Public execution of Polish priests and civilians by Nazis
in Bydgoszcz's Old Market Square on 9 September 1939.
Ready for the storm? Expecting a big rescue ASAP right after that storm? How about a Rapture instead?
It never fails, I can't get into the prophecies of doom and gloom. I can listen to reasoned observation on what is happening in the world, the things we all can see if we look honestly, and by that I mean humbly. No doubt we live in perilous times, but as one Protestant minister I just happened to come across on television said, "We must repent!" His Bible study - sermon was practical, and deeply moving. It was exactly what Christians need to do - because 'faith' - or rather 'Truth has dwindled among the sons of men, falsehood they speak one to another, with lying lips, with a false heart.' We know and need to acknowledge these things - to stand firm.
I've been thinking of the attitude Catholics maybe should strive for today ... it's the opposite of what, 'the false prophets who exploit the fear and hopelessness' are saying.
First and foremost - I think it is a mistake to run and hide - although some may want to do that, and even need to do that - to do what is best for their families and so on. Yet, not everyone can do that, therefore, staying 'in place' seems to me to be the more Christian thing to do, for those who are able and have no other choice. The so-called 'Benedictine option' leaves a lot of people out in the cold. (If there is any lesson to be learned from Norcia - it just may be that. The perfect monastery, the perfect liturgy, the perfect life ... and now everyone is out in the cold, so to speak.)
Staying in place ...
The 'ordinary people of the streets' have always done that. They remained faithful through Vatican Councils, liturgical changes, societal changes, through scandal and sometimes doing so with social acceptance. Today, they continue to persevere amid dominate secularization and even apostasy. They are ordinary people in ordinary time worshiping God in ordinary form - they do not need to flee to extraordinary forms of life, living aloof from the riff-raff.

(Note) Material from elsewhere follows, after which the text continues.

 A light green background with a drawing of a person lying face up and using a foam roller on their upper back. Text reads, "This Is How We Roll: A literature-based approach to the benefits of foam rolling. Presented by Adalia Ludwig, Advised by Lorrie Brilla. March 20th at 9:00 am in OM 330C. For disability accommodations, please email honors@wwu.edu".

Recent history offers numerous examples of ordinary Christians staying in place.
The Catholics in the Middle East have stayed in place - amid bloody persecution. The Catholics in China have done that. The Catholics in the Soviet Union did that. Just think, Pope St. John Paul II came from Poland, a Communist country. The Polish Church lived through Nazi brutality and persecution, as well as Soviet repression. Vocations flowered under oppression, the faith grew strong and fervent under such anti-Christ-anti-Catholic propaganda and persecution.
So what is wrong with Catholics in the United States that everyone is so bent out of shape with the prospect of looming religious discrimination and persecution on the horizon? Prophecies claiming disaster upon disaster, signs and portents, financial collapse ... gossip and fear mongering. I appreciate what the Holy Father said yesterday:
"No tyranny finds support without tapping into our fears," Francis said. "This is key. Hence, all tyranny is terrorist. And when this terror -- which was sown in the peripheries, with the massacres, looting, oppression and injustice -- explodes in centers with different forms of violence, even hateful and cowardly attacks, citizens who still retain some rights are tempted to the false security of physical or social walls.

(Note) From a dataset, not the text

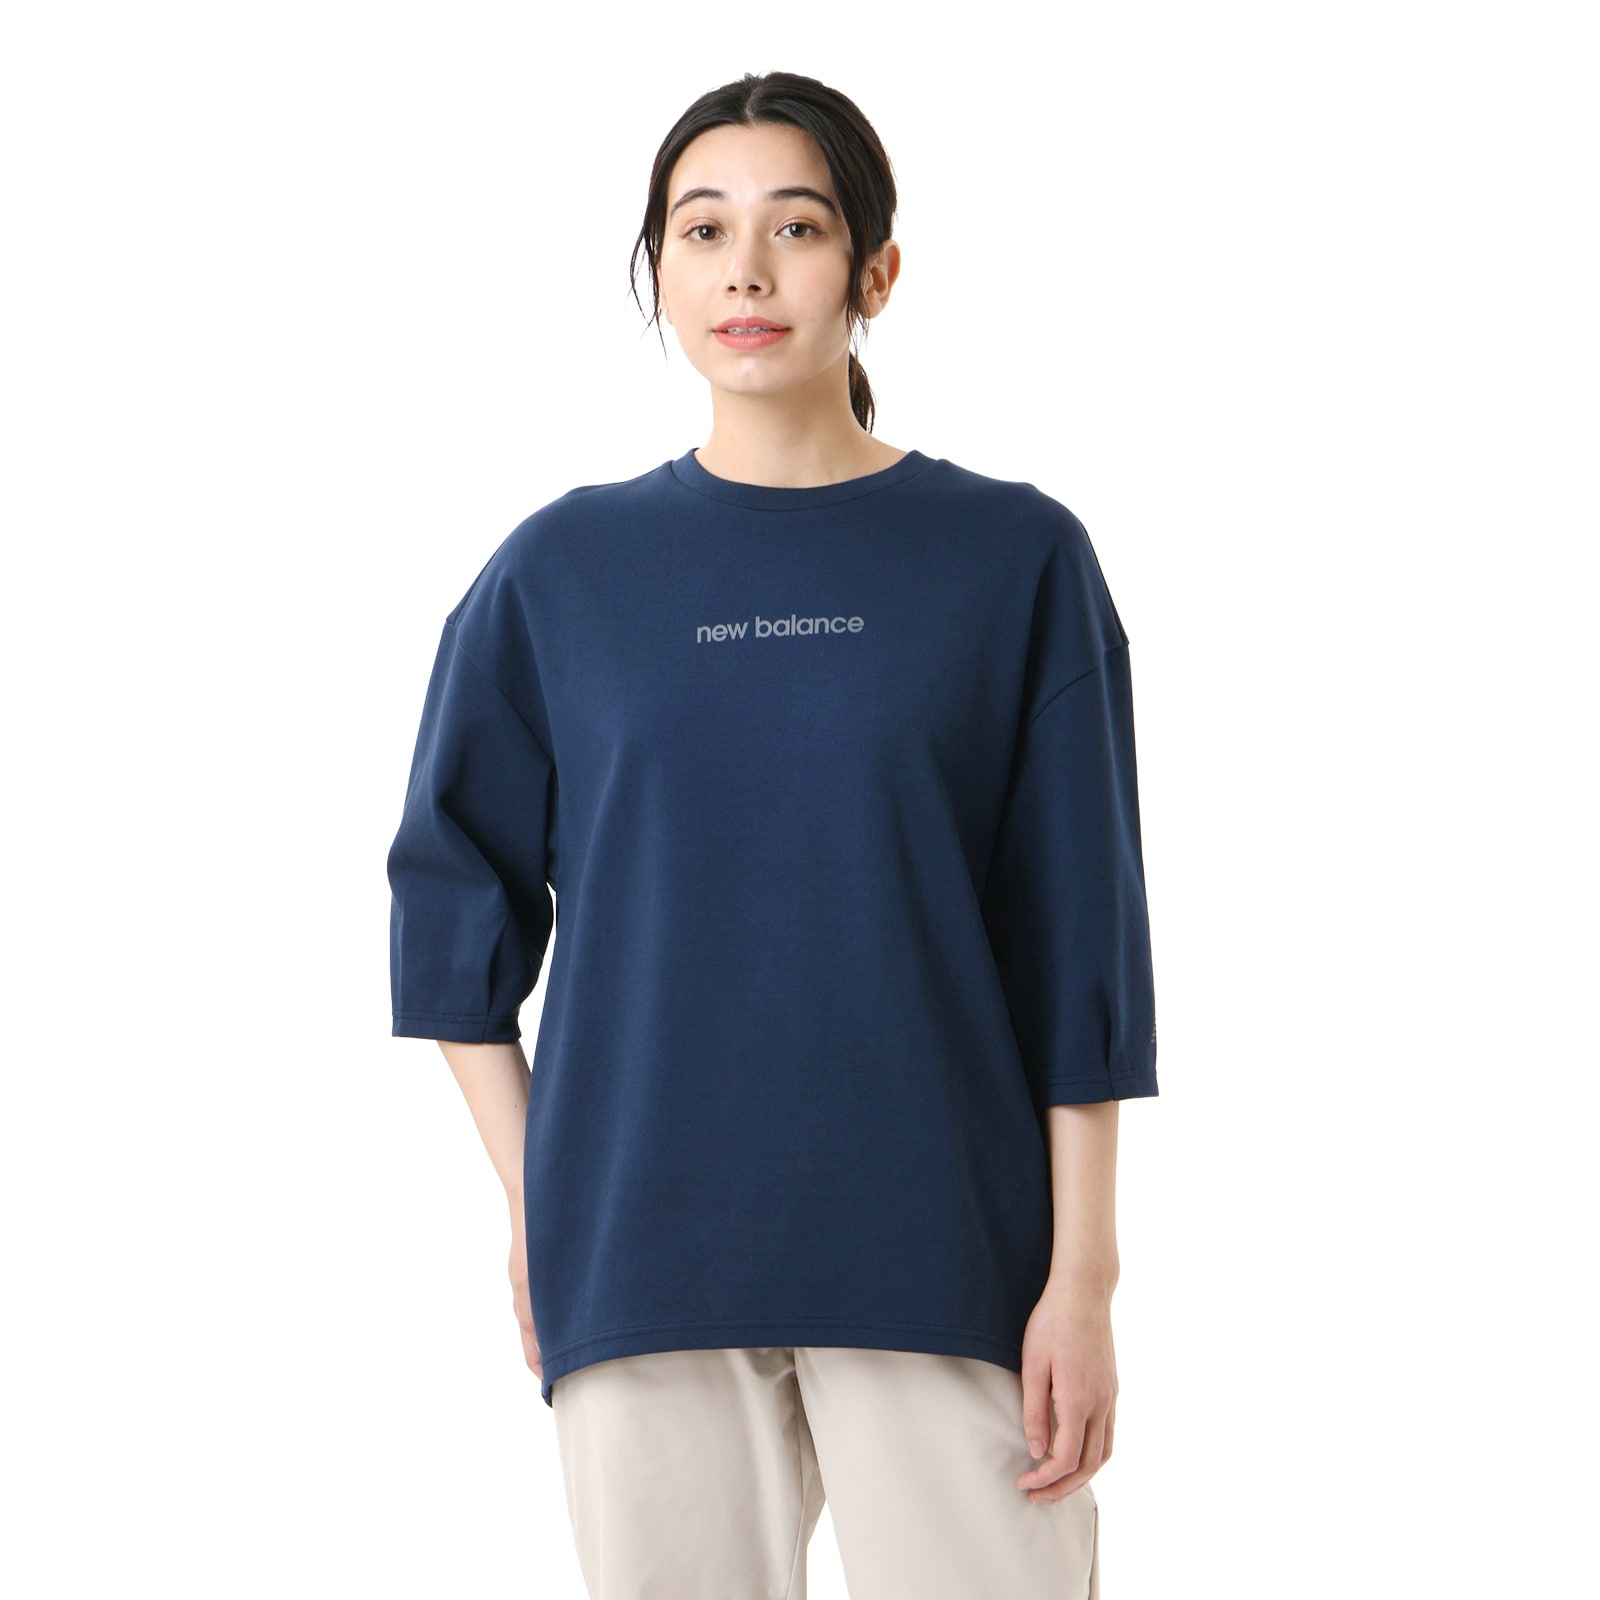 Double Face Pullover

"Walls that enclose some and banish others. Walled citizens, terrified on one side, excluded, exiled, and still more terrified on the other. Is that the life that our Father God wants for their children?
"Dear brothers and sisters -- all walls fall. All of them. Do not be fooled." - SourceDo not be fooled.
This is what I think may be a better option, or something ordinary people might aspire to, and even prepare themselves for ...
Repent, every day. Seek God and his will. 'Put no trust in princes, in mortal men in whom there is no help.'
What if real religious oppression comes, what if real persecution comes?
The Gospel says: "Bless those who curse you, pray for those who mistreat you ..."
"To the person who strikes you on one cheek, offer the other one as well, and from the person who takes your cloak, do not withhold even your tunic.
Give to everyone who asks of you, and from the one who takes what is yours do not demand it back."
"Should anyone press you into service for one mile, go with him for two miles" Go with them, one, two miles, or as far as they want you to go - as far as you can - without compromising your faith.
"If anyone wants to go to law with you over" your business, or your house, or your possessions, or your income - let them take your life as well - and give thanks. Forgive them, thank them and promise to pray for them.
Do not curse them.
I think I want to pray for that grace, that generosity, to live in such a way now, that I might obtain that grace, rather than heaping insults and condemnations upon those who harbor hatred for the faith.
As Pope Francis said, to give one's life doesn't only consist in being killed, but rather, “to give one's life, to have the spirit of a martyrdom, is to surrender it in duty, in silence, in prayer, in the fulfillment of duty; in this silence of everyday life; to give one's life little by little.”
It seems to me that is the correct preparation for martyrdom 'in place'.